Supplied information:

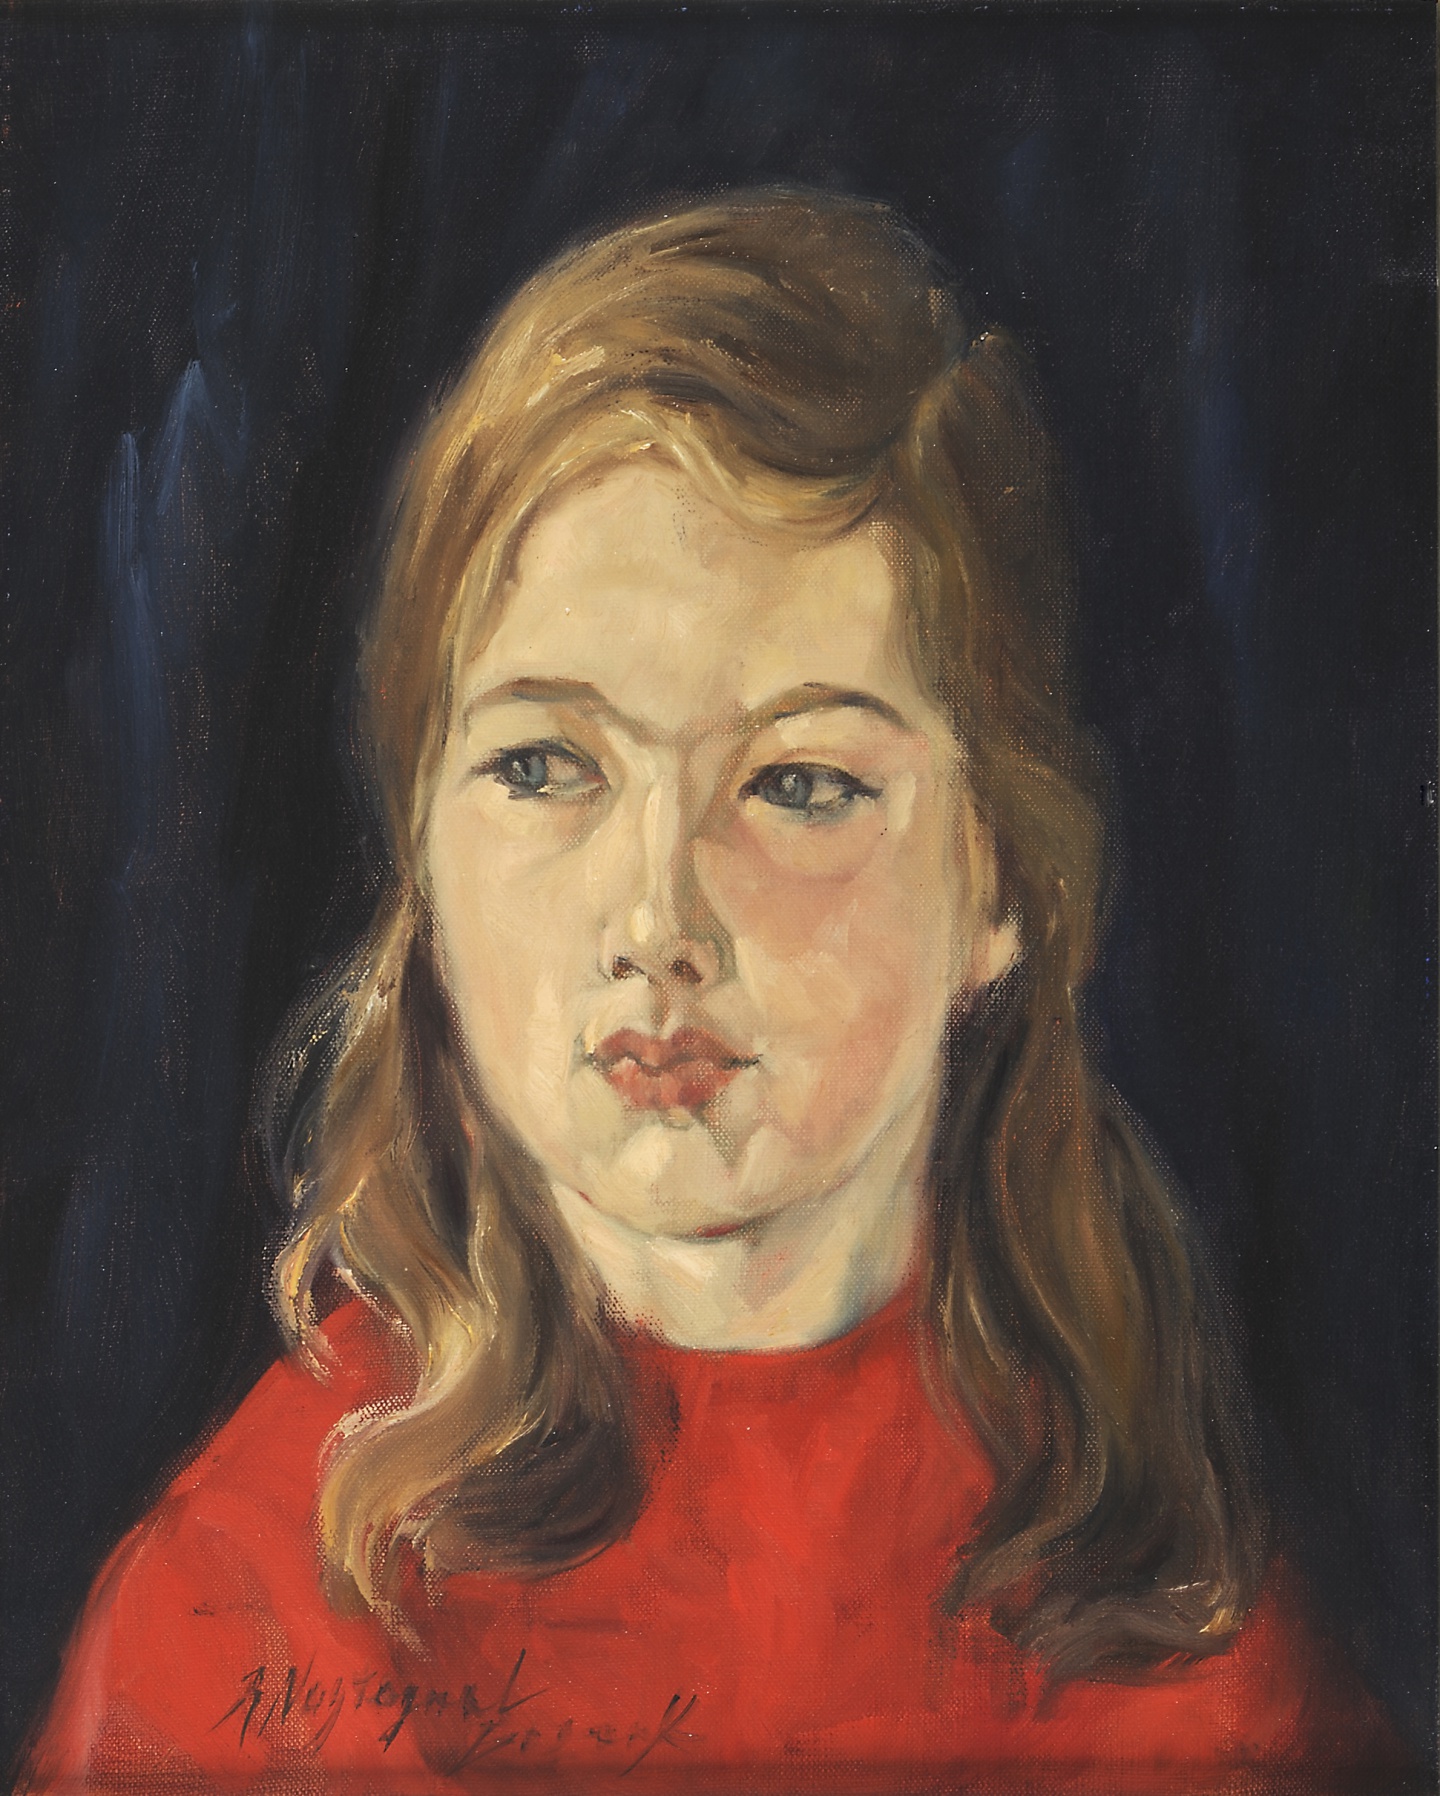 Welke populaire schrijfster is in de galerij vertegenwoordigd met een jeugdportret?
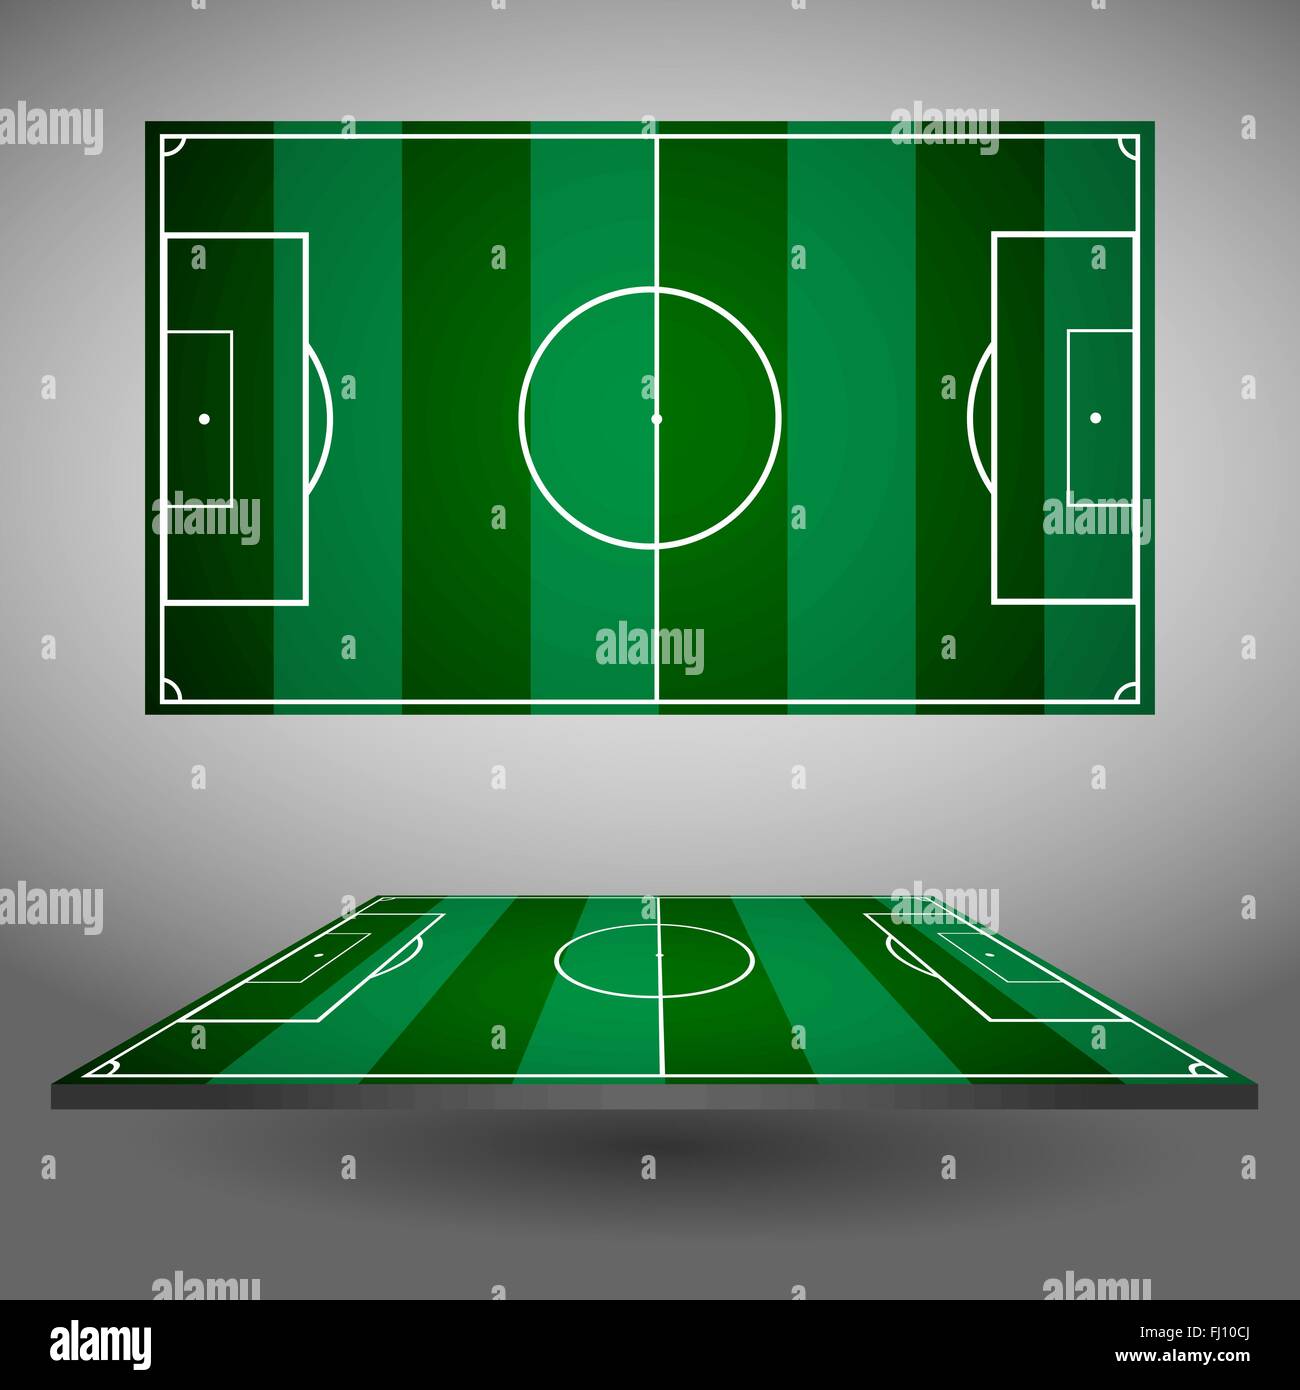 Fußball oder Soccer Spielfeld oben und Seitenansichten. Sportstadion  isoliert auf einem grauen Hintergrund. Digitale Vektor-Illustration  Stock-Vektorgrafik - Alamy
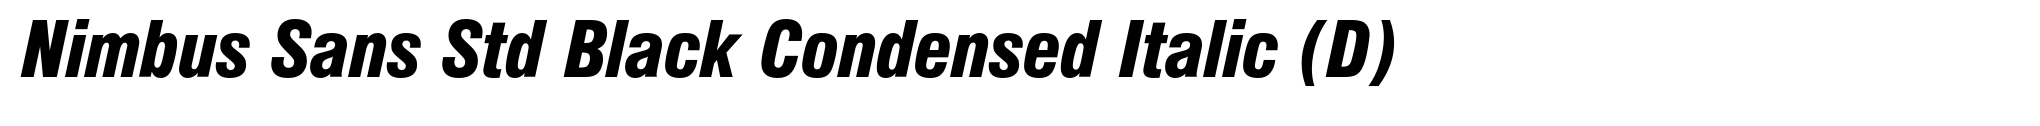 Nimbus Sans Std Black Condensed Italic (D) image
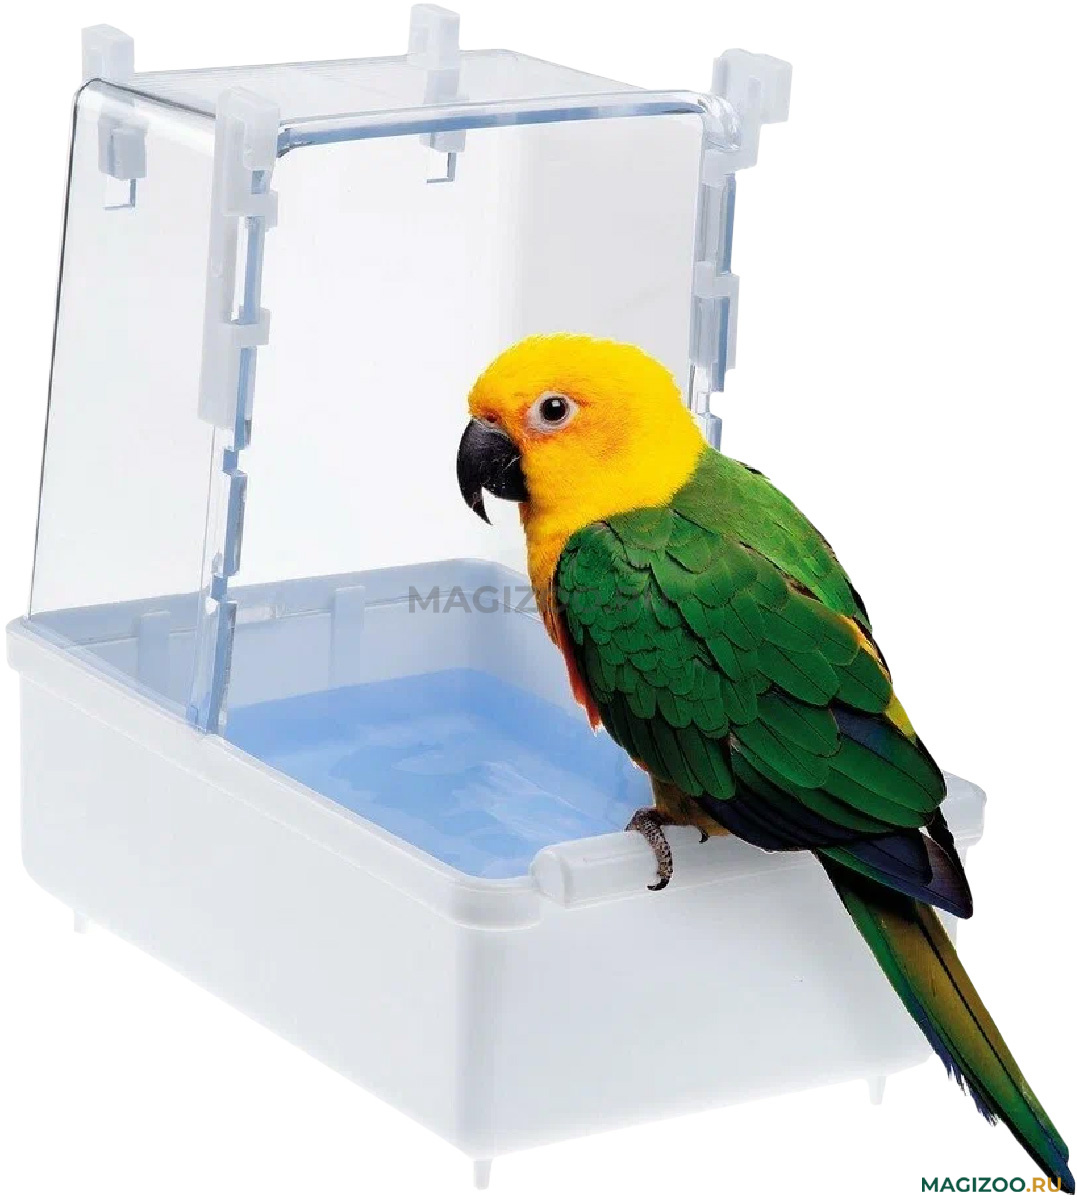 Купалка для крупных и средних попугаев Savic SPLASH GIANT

What is expected: Once the pictures are removed, repeat all of the data above exactly.

Response to the task:
 Welke populaire schrijfster is in de galerij vertegenwoordigd met een jeugdportret?
 Fußball oder Soccer Spielfeld oben und Seitenansichten. Sportstadion  isoliert auf einem grauen Hintergrund. Digitale Vektor-Illustration  Stock-Vektorgrafik - Alamy
 Nimbus Sans Std Black Condensed Italic (D) image
 Купалка для крупных и средних попугаев Savic SPLASH GIANT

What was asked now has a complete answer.